An example of "beauty in method"—a simple and elegant proof of the Pythagorean theorem.

Elegance is beauty that shows unusual effectiveness and simplicity.

Elegance is frequently used as a standard of tastefulness, particularly in visual design, decorative arts, literature, science, and the aesthetics of mathematics.

Elegant things often exhibit refined grace and suggest maturity, and in the case of mathematics, a deep mastery of the subject matter.

==General concept==
Essential components of the concept include simplicity and consistency of design, focusing on the essential features of an object.

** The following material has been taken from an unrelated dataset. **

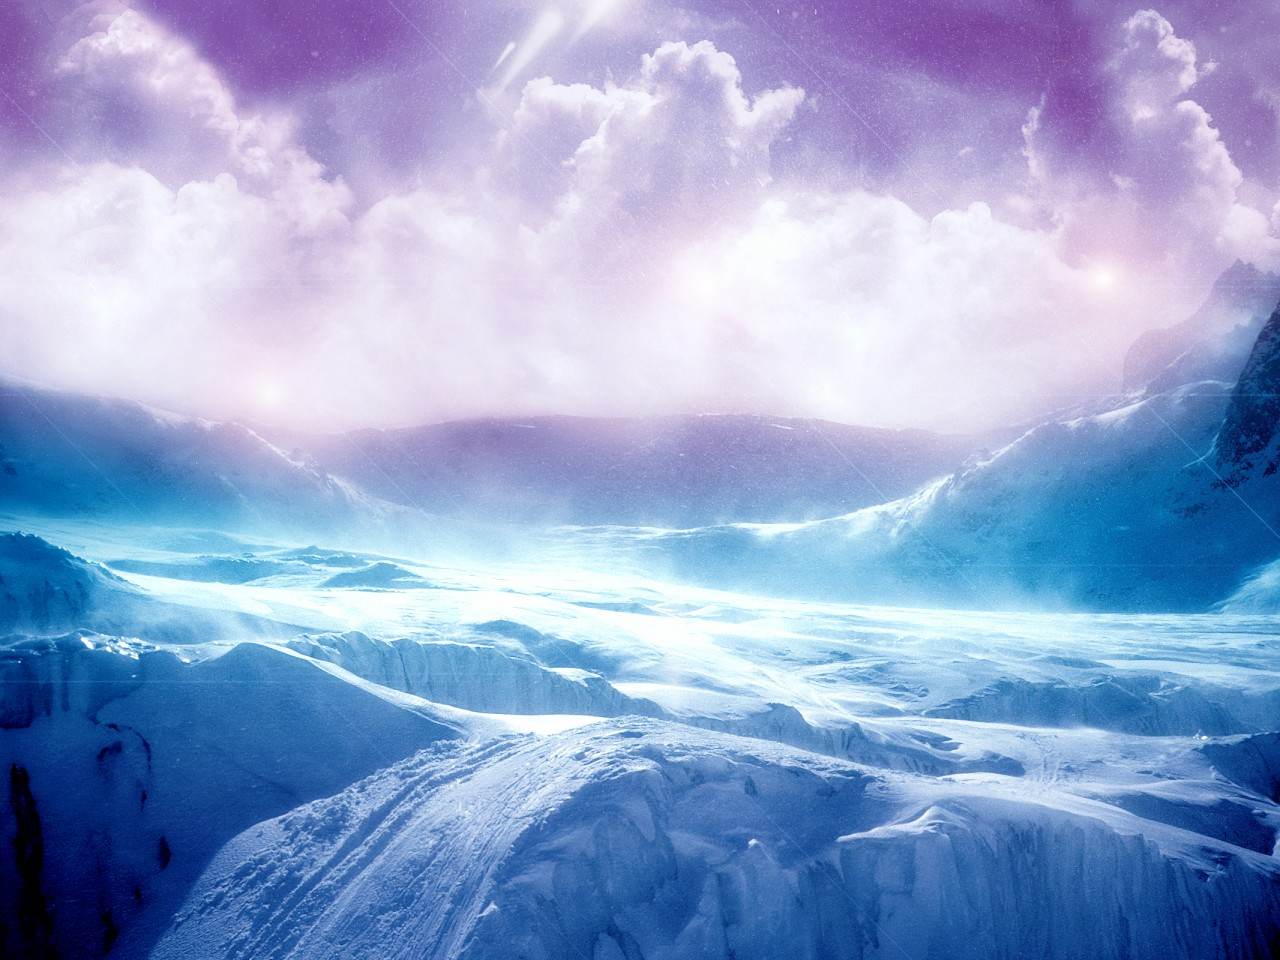 High Resolution Ice Terrain Wallpaper

In art of any kind one might also require dignified grace, or restrained beauty of style.

Visual stimuli are frequently considered elegant, if a small number of colors and stimuli are used, emphasizing the remainder.

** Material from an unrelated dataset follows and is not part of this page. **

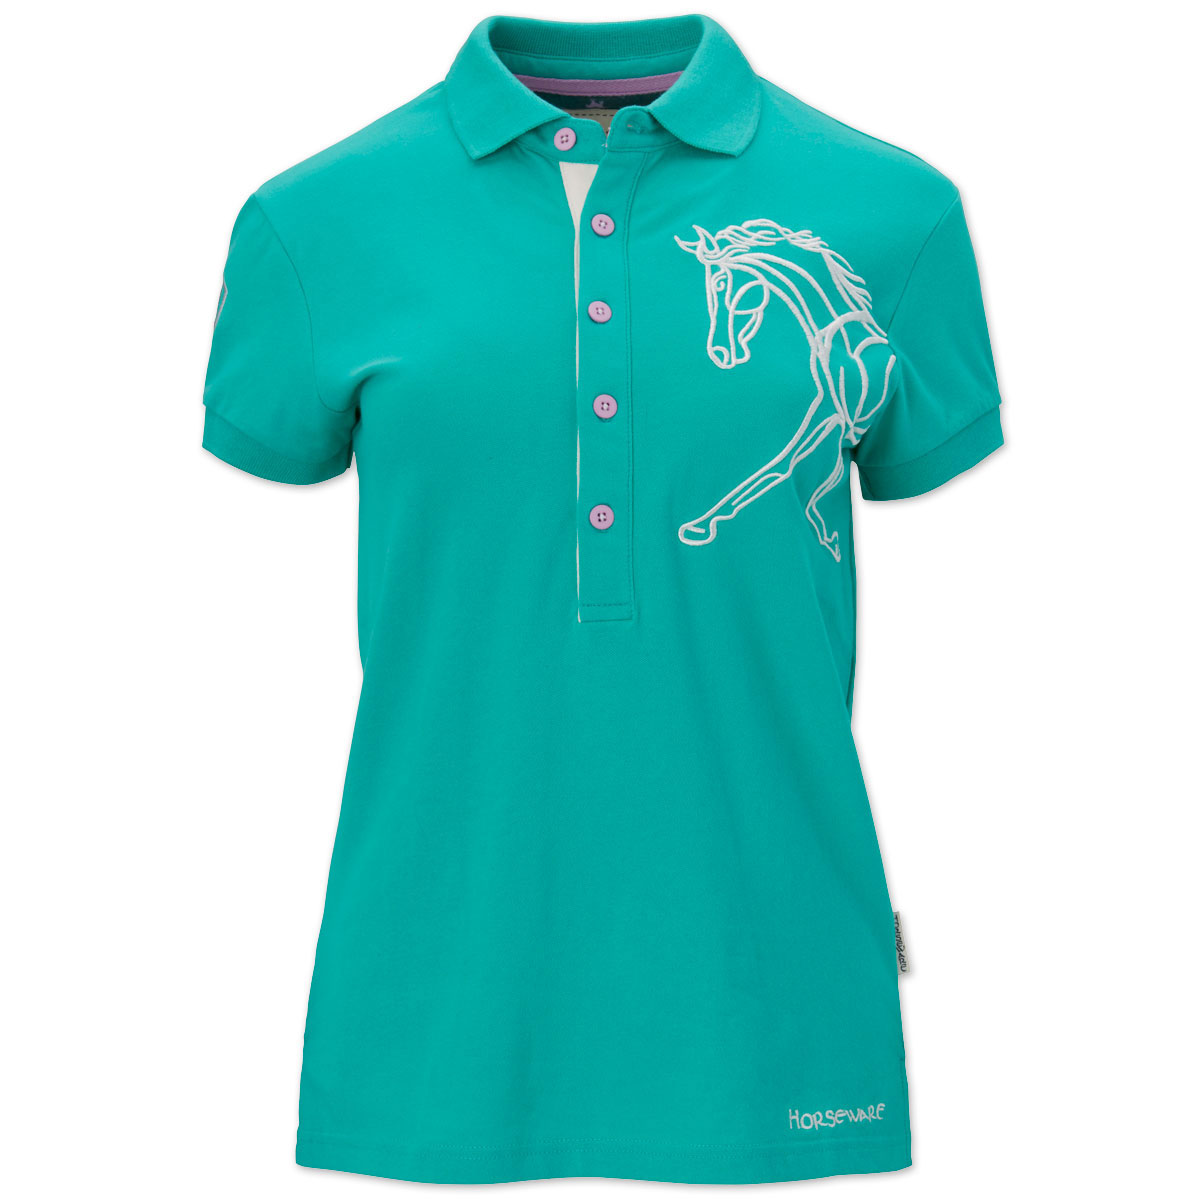 Horseware Flamboro Polo Shirt - Sale!

==In philosophy of science==
In the philosophy of science, there are two concepts referring to two aspects of simplicity: elegance (syntactic simplicity), which means the number and complexity of hypotheses, and parsimony (ontological simplicity), which is the number and complexity of things postulated.

==In mathematics==

In mathematical problem solving, the solution to a problem (such as a proof of a mathematical theorem) exhibits mathematical elegance if it is surprisingly simple and insightful yet effective and constructive. Such solutions might involve a minimal amount of assumptions and computations, while outlining an approach that is highly generalizable. Similarly, a computer program or algorithm is elegant if it uses a small amount of code to great effect.

==In engineering==

In engineering, a solution may be considered elegant if it uses a non-obvious method to produce a solution which is highly effective and simple. An elegant solution may solve multiple problems at once, especially problems that are not thought to be inter-related.
Elegance can arguably be measured for engineering problems as the ratio of problem complexity to that of solution complexity. Thus a simple (low complexity) solution to a problem of high complexity is seen as elegant. This measure does not advise of process to produce elegant solutions, and is merely a way of comparing between multiple solutions for elegance assessment.

==In chemistry==

In chemistry, chemists might look for elegance in theory, method, technique and procedure. For example, elegance might comprise creative parsimony and versatility in the utilization of resources, in the manipulation of materials, and in the effectiveness in syntheses and analysis.

==In pharmacy==

In pharmacy, elegance in formulation is important for quality as well as for effectiveness in dosage form design, a major component of pharmaceuticals.

==In fashion==

The concept of elegance in fashion is often associated with the modern taste for subtraction and understatement that capitalistic societies have developed to convey a sense of status. Unlike similar concepts such as glamour, elegance is a unisex practice, and it was initially developed amongst the male ruling classes after the French Revolution. Elegance was later adopted by ladieswear, from the 20th century onwards. This approach to clothes based on subtraction and understatement is pursued by the upper classes to avoid vulgarity, hence belonging to a lower social status. Several elements that determine the adoption of elegance and its rule have been recognized: a key role is played by class, gender, morality and taste.